Fardas interest is in using microgravity to create new materials or advance research into specific products on the International Space Station. According to TechCrunch, for example, we can make bioprinted devices or Semiconductors Even if nothing is announced at the moment because no contract has been signed with the client.

In order to make the flight, Varda Space must find partners to make the flight to low Earth orbit. This is the place SpaceX The latest offering comes in a show of companies looking to send things into space to take advantage of one of their scheduled flights to do so. In short, the two companies are on a journey through space together. When they reach their destination, they separate and each goes to work for himself. In short, a kind of spatial car sharing. A little different from your Sunday trip between Angers and Paris

Varda Space has announced that it wants to move its factory to Falcon 9, Properties SpaceXBefore the start of the year 2023 launchers From SpaceX, it will carry the supplies needed to set up the plant in space. If the companies dont reveal any of the contract terms, we know the machine will spend about three months in orbit testing these new manufacturing technologies.

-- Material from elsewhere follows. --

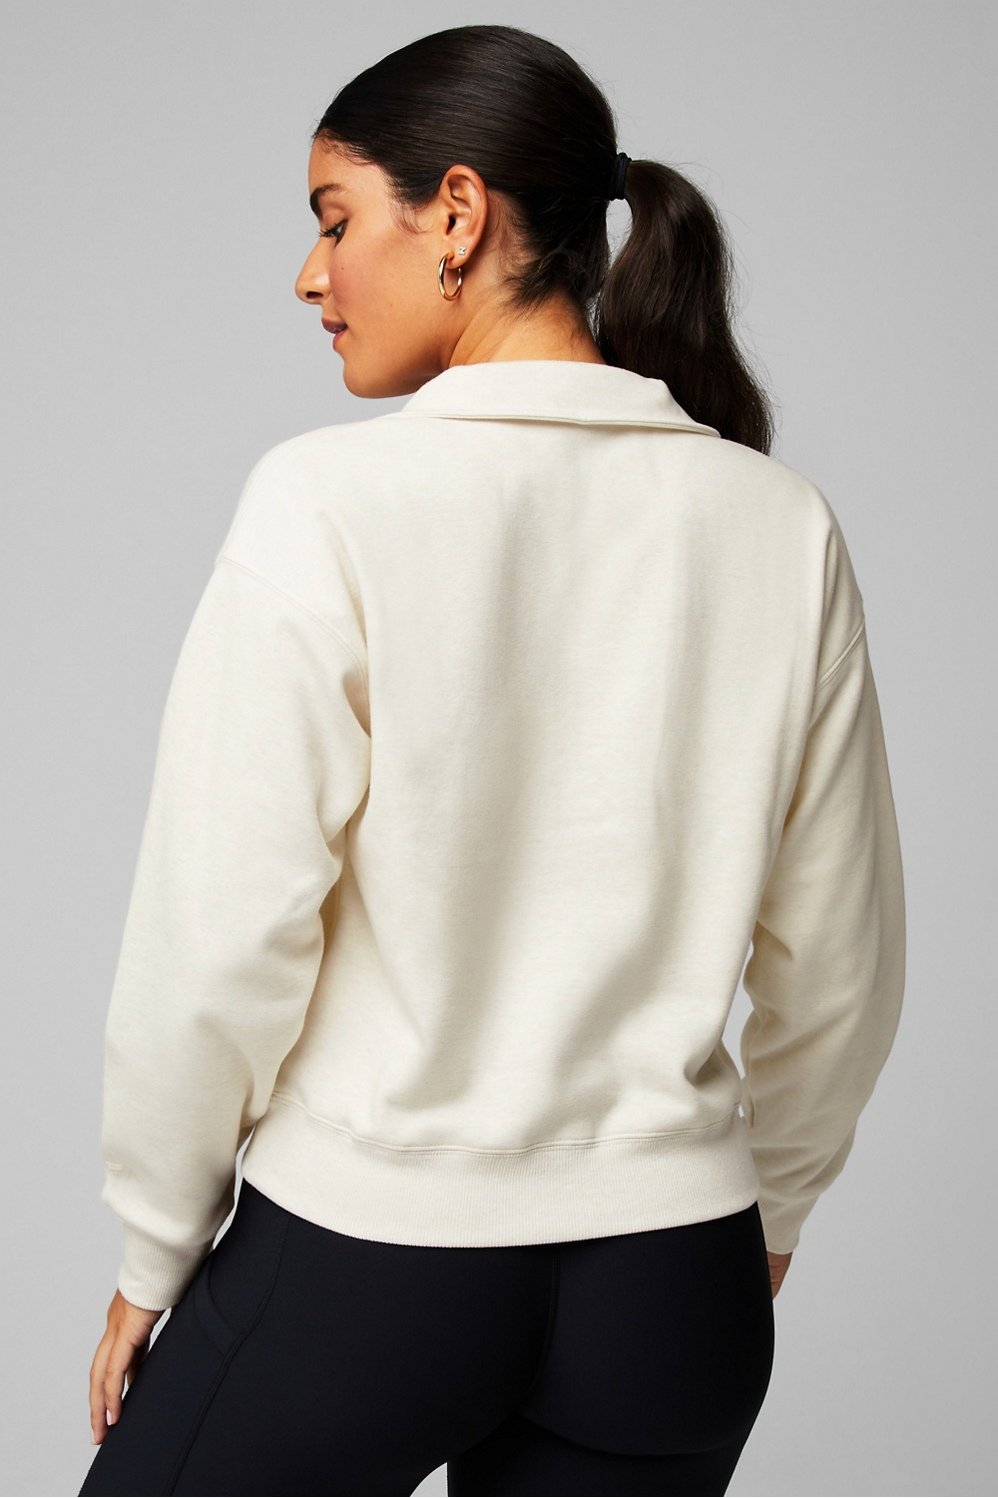 This Half-Zip Sweatshirt Is a Cozy Girl's Dream — Up to 36% Off
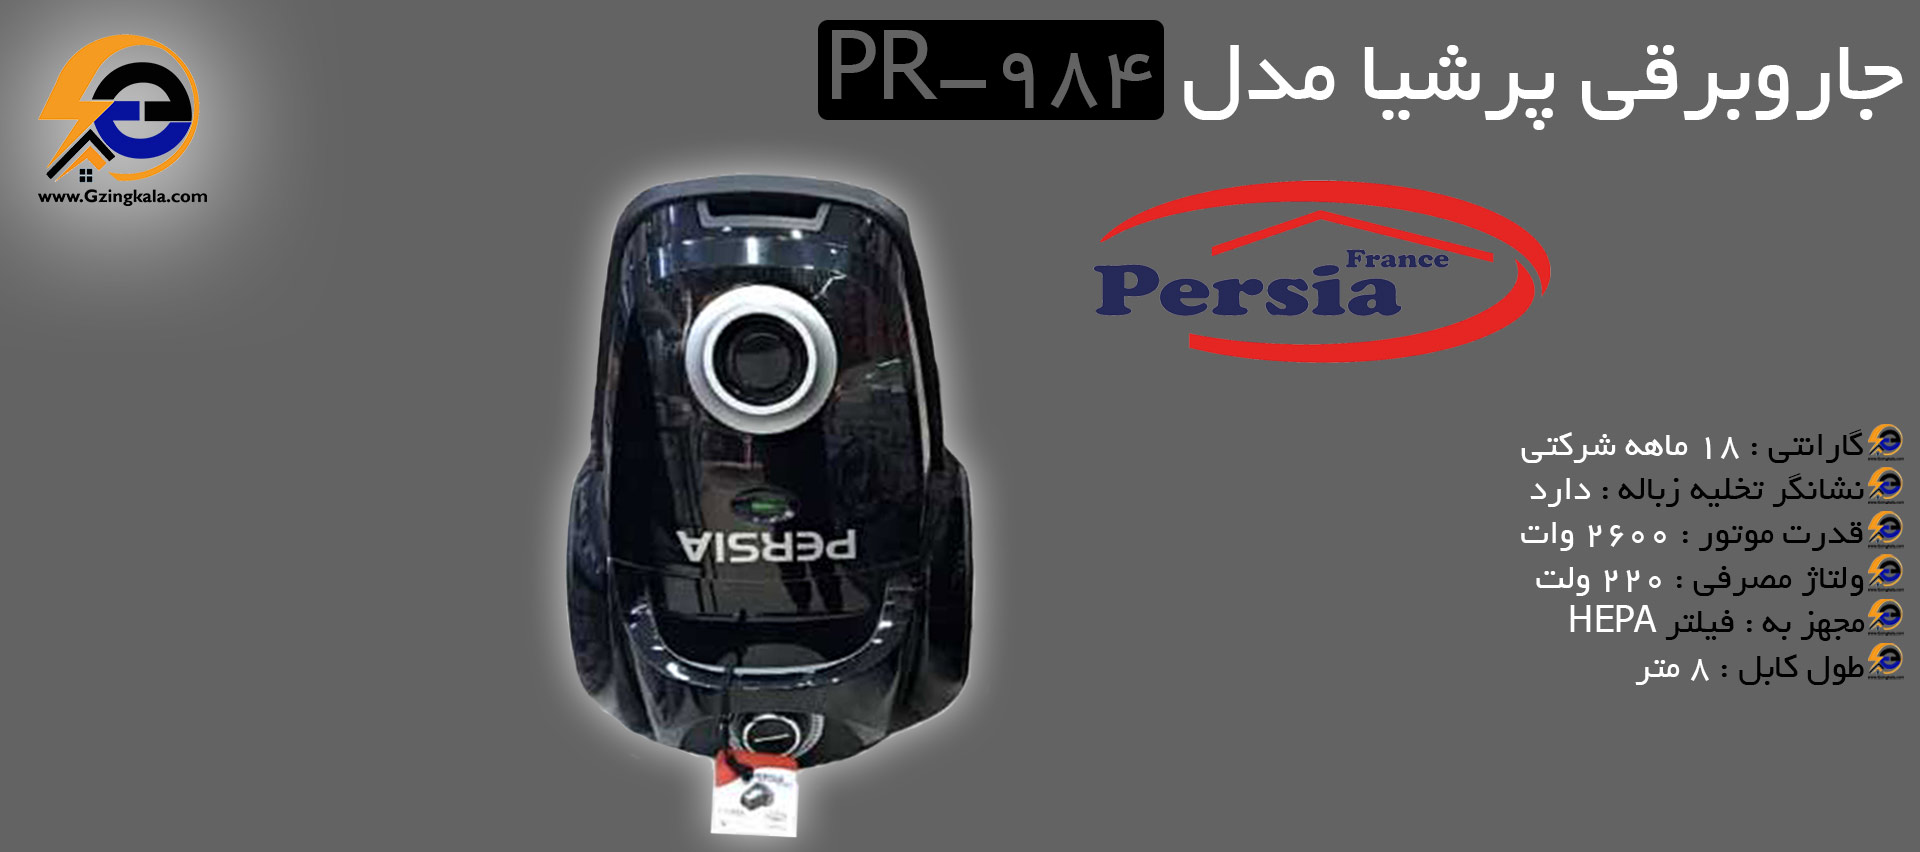 جاروبرقی پرشیا مدل PR-984

However, another launch option has been explored using Electron missiles by Lab racket. But Varda Space did not want to put all its eggs in one basket, as the New Zealand company would provide the spacecraft to house supplies, as well as the capsule to return to Earth. A very important capsule since returningAtmosphere It is made at Mach 28 and the material should not break Drop.

In fact, the most complex moment from industrialization to recovery remains the moment of return. Mach 28 times the speed of sound (1,224 km/h). Think of science fiction movies where we see the capsule returning to Earth. Now imagine moving sensitive materials through this uncertain environment while absorbing many outside influences. This will undoubtedly be one of the pivotal moments of the mission.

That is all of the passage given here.